Looking back at your own target market, do you think you're making any of these mistakes?

What challenges do you have with identifying and having a deep understanding of your target market? Share your experiences and thoughts below.


About the Author

Lexi Rodrigo is a communication and marketing professional for multimillion-dollar businesses, co-author of Blog Post Ideas: 21 Proven Ways to Create Compelling Content and Kiss Writer's Block Goodbye, and host of "Marketing Insights LIVE!." Connect with Lexi on Twitter, Facebook, or LinkedIn.

  • Val says:

    I still struggle with remembering this. I think I’m getting better about not trying to write to the masses. The masses are not my target market and I know this. My target market is the starters that I’m chatting with every day. I’m not trying to teach something new to someone that’s been working online for decades.
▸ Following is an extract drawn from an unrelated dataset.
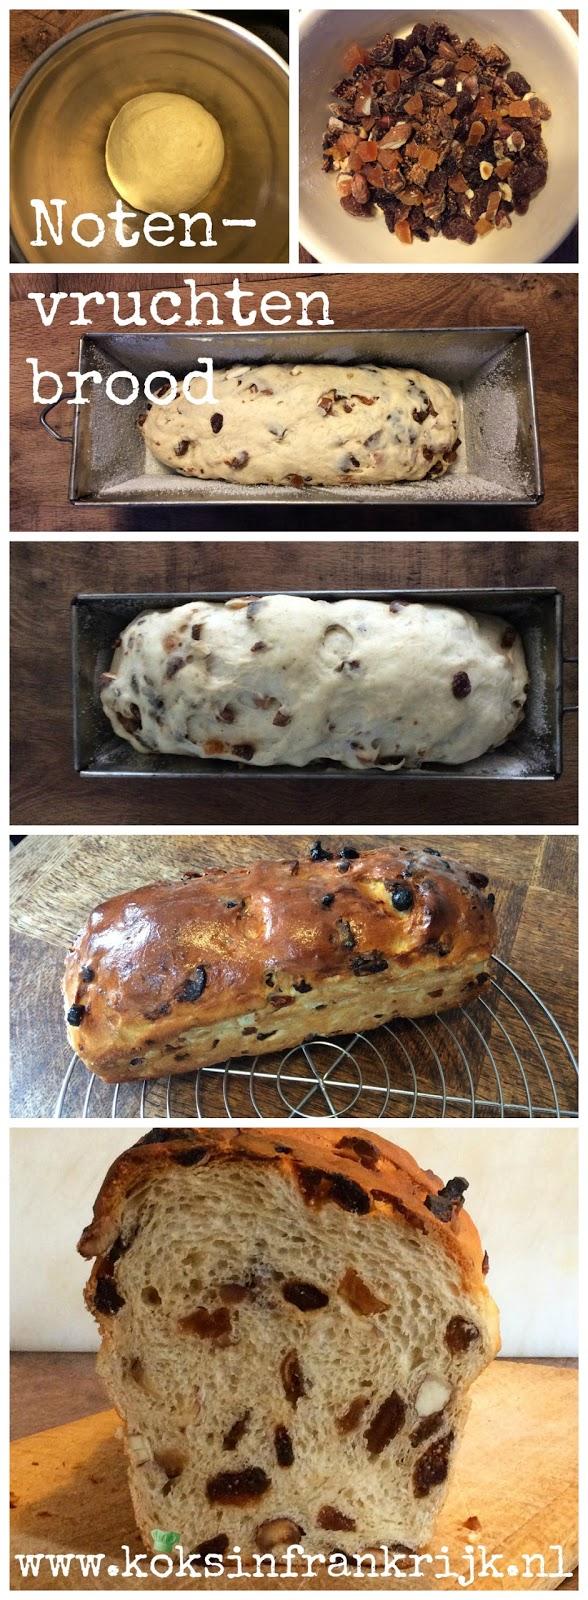 Zelf noten-vruchtenbrood bakken
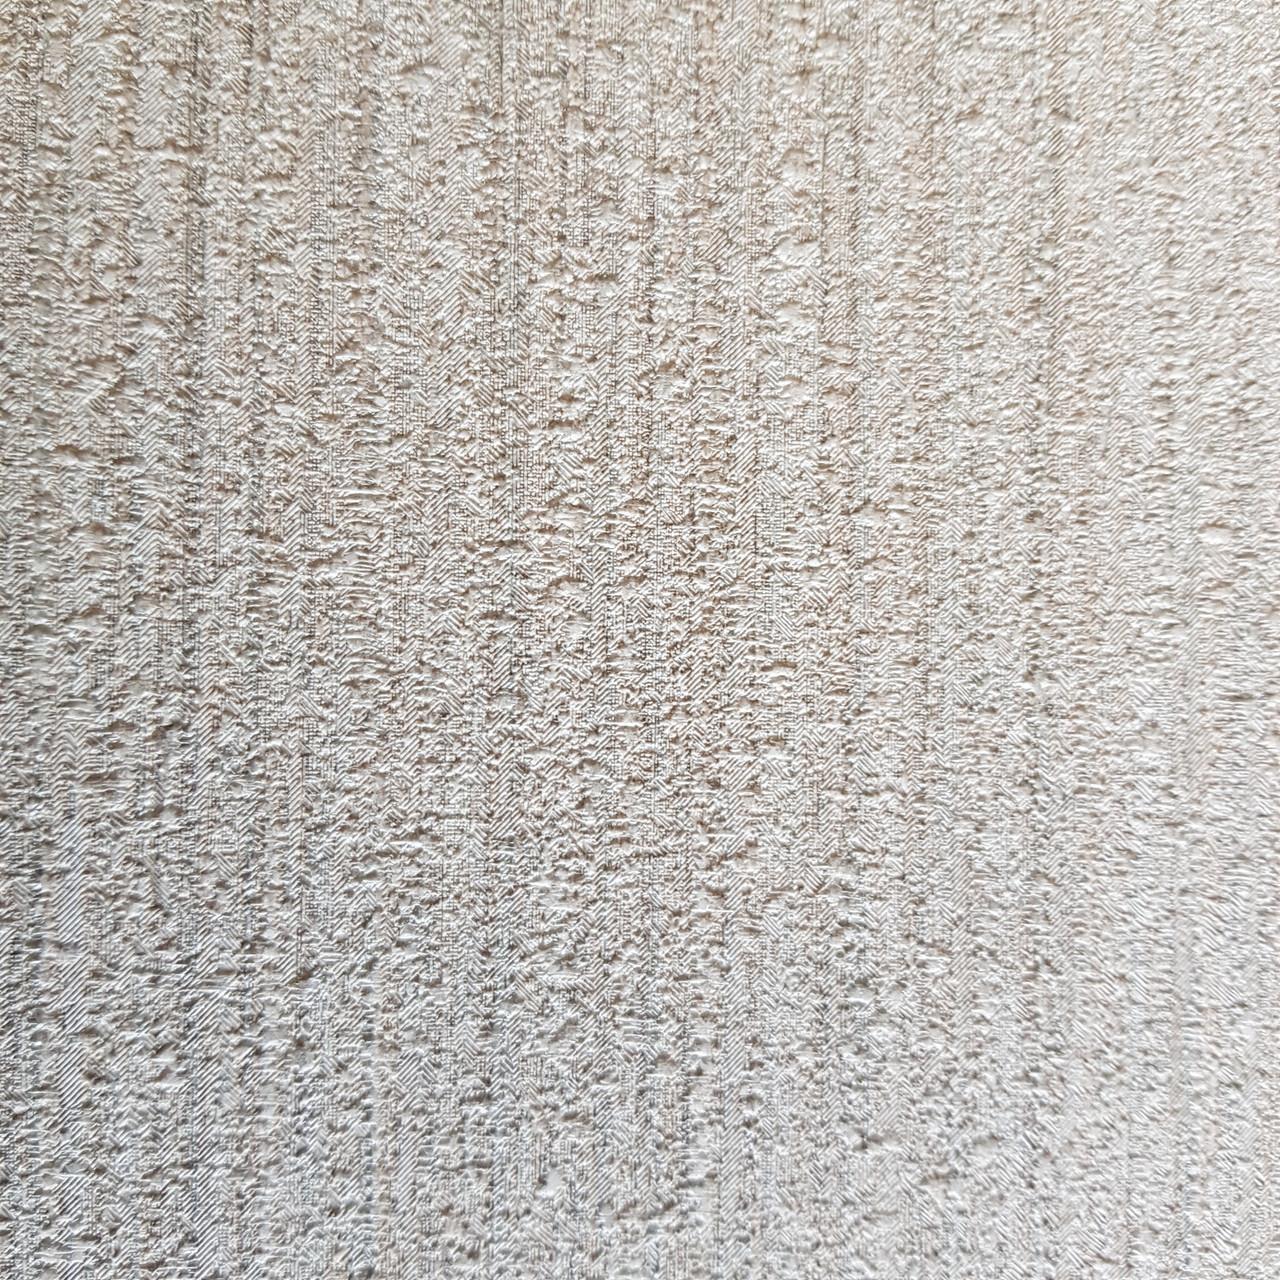 Шпалери вінілові на флізелін Marburg New Spirit Schoner Wohnen однотонні структурні під рогожку бежеві

Well, sometimes I am, but that is NOT my target market lol

  • Alexis Rodrigo says:

    @Val – Identifying, refining, re-defining our target market is an ongoing process.

  • What we find shocking is not the fact that many people ‘think’ they know their target market, but the fact that they base the assumption on what they can provide, not what people search for.

    For instance, a local plumber may think he’s a drainage engineer attending to blocked drains, but if there are 5 times the search volume for “emergency plumber”, then, as far as Google search is concerned, he should be an emergency plumber!

    • Alexis Rodrigo says:

      @Max at Maxweb – Excellent insight! It’s easy for us service providers to get trapped into looking at things from our perspective, instead of from our prospects’ perspectives. That’s why it’s necessary sometimes to get a third party’s inputs.